研究类型-治疗(1 期)证据水平 2a 关于该主题已知的内容是什么?以及这项研究有什么新发现?高危和局部晚期前列腺癌用标准的放射治疗(RT)联合雄激素剥夺疗法(ADT)很难治愈。多项研究探索了添加多西他赛化疗以尝试改善患者预后。先前的 1 期研究表明,当与 70Gy 放射治疗联合使用时,多西他赛 20mg/m²是安全剂量。但目前前列腺癌的标准 RT 使用更高的剂量,目前尚不清楚现代 RT 联合化疗是否安全。这是一项探索在现代 RT(强度调节 RT 至 78Gy)联合 ADT 的基础上添加同步多西他赛化疗的 1 期研究。研究表明,每周 20mg/m²的多西他赛与现代 RT 联合使用是安全的。中位随访 2.2 年后,生化无进展生存率为 94%。这种三联疗法对于进一步在前瞻性试验中评估是安全且有希望的。
在 1 期试验中评估,将每周多西他赛联合高剂量调强放射治疗(IMRT)和雄激素剥夺治疗(ADT)用于治疗高危前列腺癌的可行性。
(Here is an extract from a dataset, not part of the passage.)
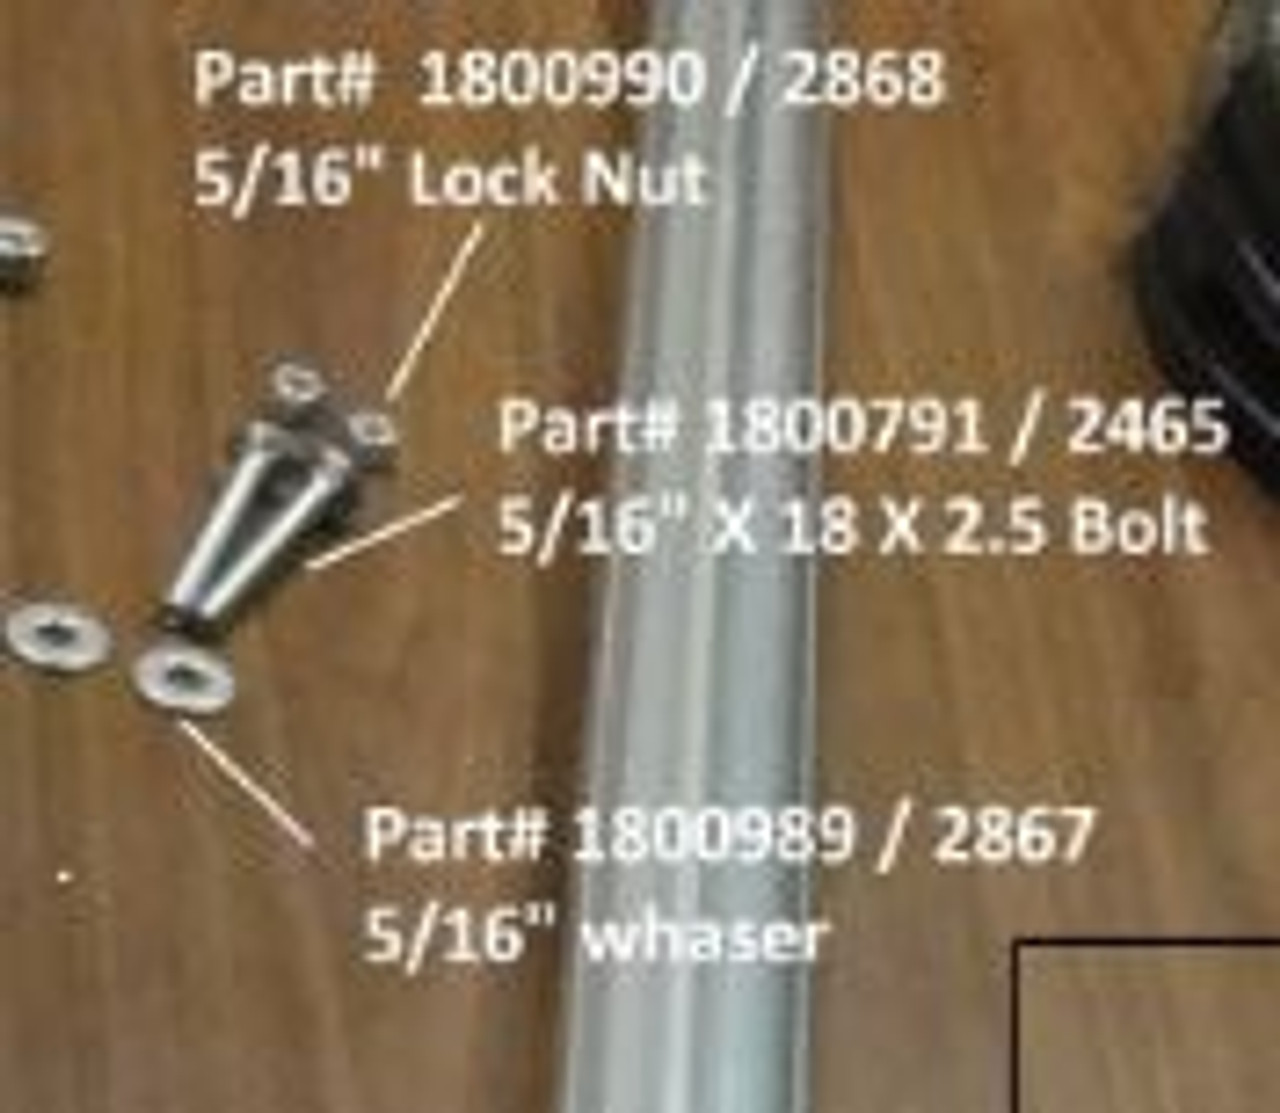 Lock Nut - 5/16" (20-2868/1800990)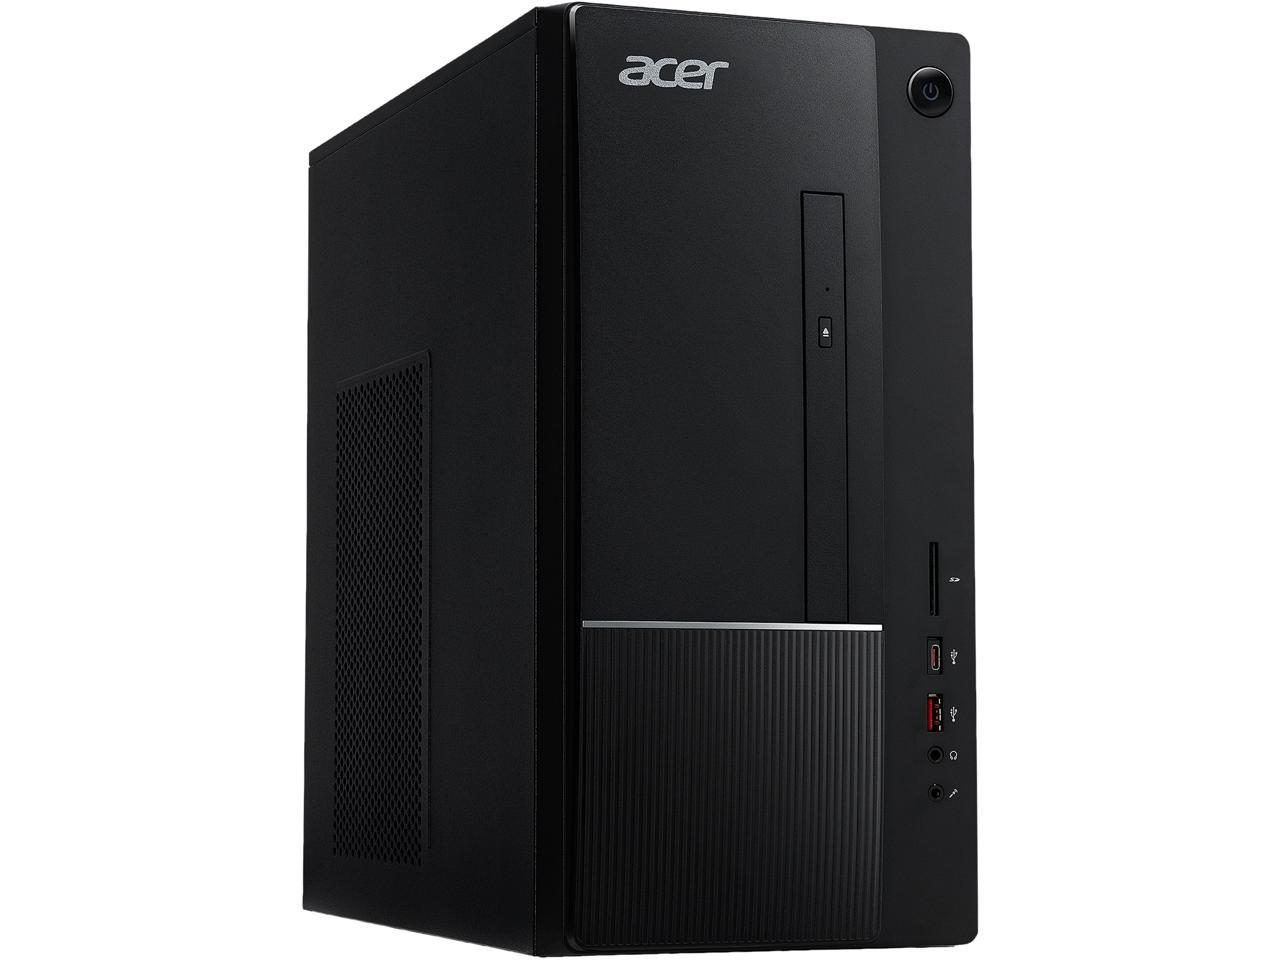 Acer Aspire (TC-865-UR15) - Desktop PC - Intel Core i5-9400 (6-Core, 2.9 GHz), Intel UHD Graphics 630, 8 GB DDR4, 512 GB SSD, Tower, Windows 10 Home

高危前列腺癌患者接受促黄体激素释放激素激动剂(在开始 IMRT 前 2-3 个月开始,持续 2 年)、前列腺和精囊的 78Gy IMRT 以及放射治疗期间每周多西他赛治疗。所有患者均接受计算机断层扫描和骨扫描以排除转移性疾病。使用标准的 3+3 设计进行多西他赛剂量递增。连续患者接受每周多西他赛 10、15 和 20mg/m²的剂量水平治疗。
共有 18 名患者参与了这项研究:15 名(83%)患者患有 Gleason 8-10 疾病;另外 3 名患者有临床 T3 疾病和/或 PSA 水平>20ng/mL。在头两个剂量水平中,各有一名患者出现 3 级腹泻(定义为剂量限制性毒性,DLT)。然而,当扩大队列时,没有观察到其他 DLT。每周 20mg/m²(剂量水平 3)的多西他赛成功给予,没有 DLT。没有患者发生 4 级或 5 级毒性。中位随访 2.2 年后,所有患者的 PSA 均达到<1ng/mL 的最低点,包括 13 名 PSA 水平不可检测的患者。2 年的生化无进展生存率为 94%。
高危前列腺癌患者每周 20mg/m²的多西他赛与高剂量 IMRT 和 ADT 联合应用的剂量似乎是安全的,可进一步研究。